Here, temp is the output of this second-order section and the input to the next second section.

* (W + k * 3 + 2) = * (W + k * 3 + 1);

* (W + k * 3 + 1) = * (W + k * 3);

temp = temp* (* (b + 6 * k));//magnification, stable signal

}

return temp;

}

Actual test

Test Fpass for a low-pass filter of 10k,fstop 12K

In the program input three frequency 2k,11k,20k signal, theoretically 2k completely through, 11k partial attenuation, 20K completely filtered.

is the original signal, the signal after filtering.

The actual test findings meet the design requirements, and the transition band signal is basically completely attenuated.

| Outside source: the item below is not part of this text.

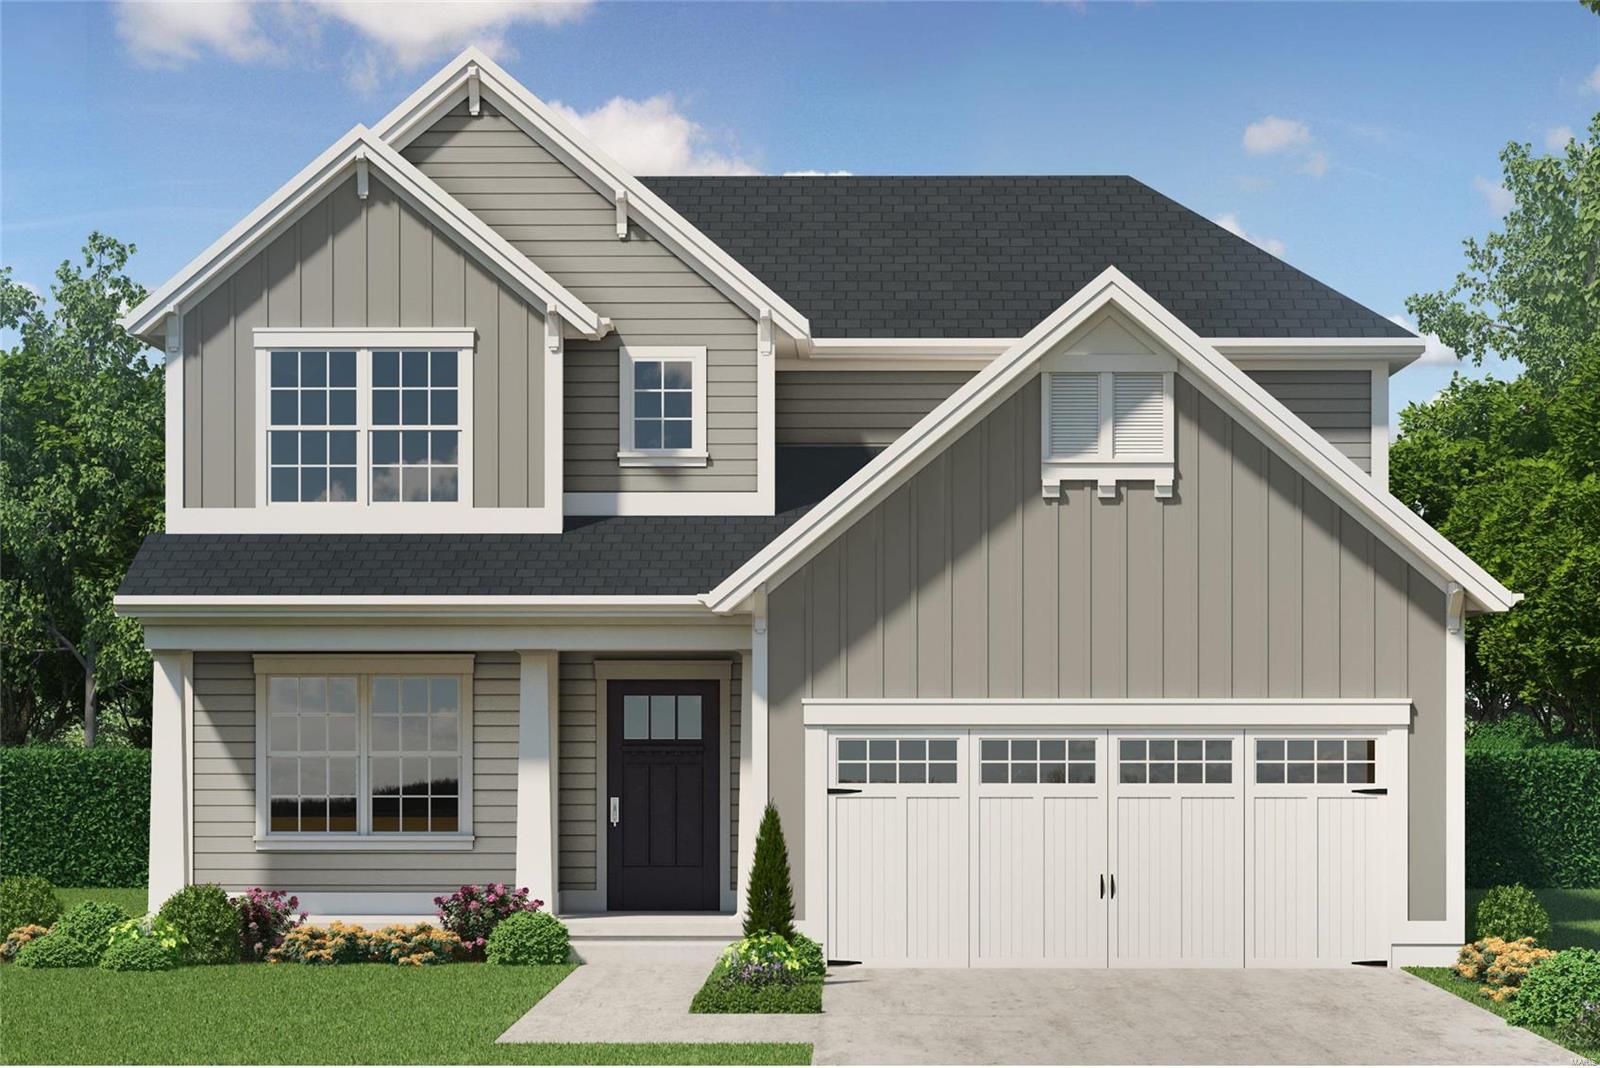 533 S Fillmore TBB Avenue Property Photo - Kirkwood, MO real estate listing
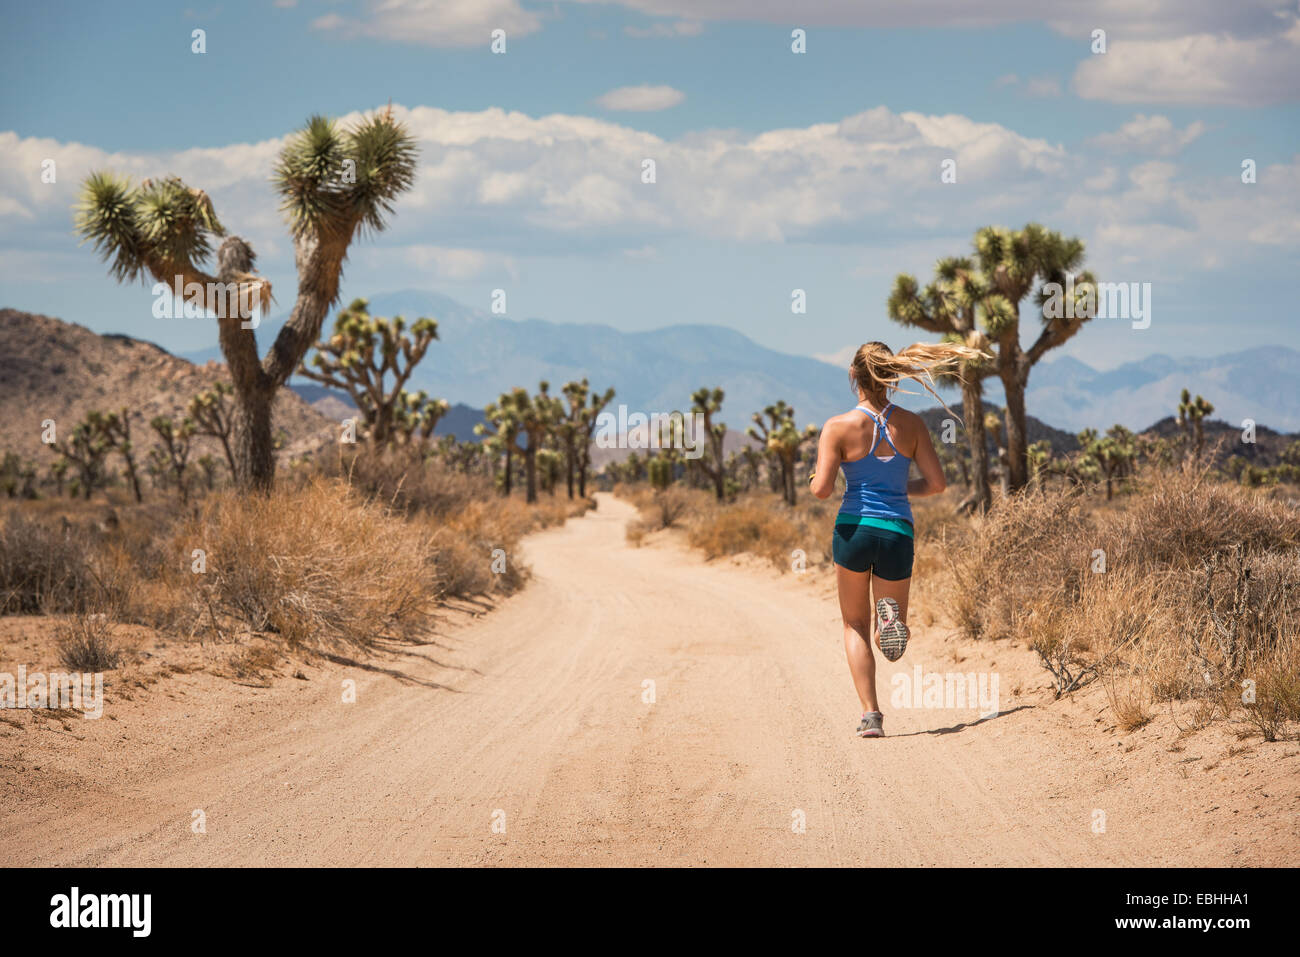 Frau rennt, Joshua Tree Nationalpark, Kalifornien, USA Stockbild

Testing in C + +programvoidMain () {Const intN = -; inti,j; DoubleXn[n]; Doublew[ -][3]; DoubleYn[n];  for(i =0; I < -; i++)//Initialize    {         for(j =0; J <3; J + +) W[i][j]=0; }     for(i =0; i < N; i++) {Xn[i]= Sin (2*3.1416* -/ -* i) + sin (2*3.1416*2/ -* i) + sin (2*3.1416* One/ -*i); Yn[i]=iir (&den[0][0], &num[0][0], &w[0][0],xn[i], -); } ofstream savefile_a ("Xn.txt");  for(i =0; i<n; i++) Savefile_a<<" "<< Xn[i] <<Endl;    Savefile_a.close (); Ofstream Savefile_b ("Yn.txt");  for(i =0; i<n; i++) Savefile_b<<" "<< Yn[i] <<Endl; Savefile_a.close ();} MATLAB program for analysis Xn1=fopen ('Xn.txt','R'); [Xn,count]=FSCANF (XN1,'%f'); fclose (XN1); N= Length (xn);Find sampling points xn_f= FFT (xn);%Fourier transform the signal to Xn_f=abs (Xn_f (1: n/2) ); F=50000/n* (0: n/2-1); subplot (211); Stem (f,abs (xn_f)); Xlabel ('Frequency/(s)'); Ylabel ('amplitude'); Title ('Original Signal Spectrum'); Grid;yn1=fopen ('Yn.txt','R'); [Yn,count]=FSCANF (YN1,'%f'); fclose (YN1); Yn_f= FFT (yn);%Fourier transform the signal to Yn_f=abs (Yn_f (1: n/2)); subplot (212); Stem (f,abs (yn_f)); Xlabel ('Frequency/(s)'); Ylabel ('amplitude'); Title ('signal spectrum after filtering'); grid;

IIR filter Software implementation (matlab+c++)

Contact Us

The content source of this page is from Internet, which doesn't represent Alibaba Cloud's opinion; products and services mentioned on that page don't have any relationship with Alibaba Cloud. If the content of the page makes you feel confusing, please write us an email, we will handle the problem within 5 days after receiving your email.

If you find any instances of plagiarism from the community, please send an email to: info-contact@alibabacloud.com and provide relevant evidence. A staff member will contact you within 5 working days.

A Free Trial That Lets You Build Big!

Start building with 50+ products and up to 12 months usage for Elastic Compute Service

  • Sales Support

    1 on 1 presale consultation

  • After-Sales Support

    24/7 Technical Support 6 Free Tickets per Quarter Faster Response

  • Alibaba Cloud offers highly flexible support services tailored to meet your exact needs.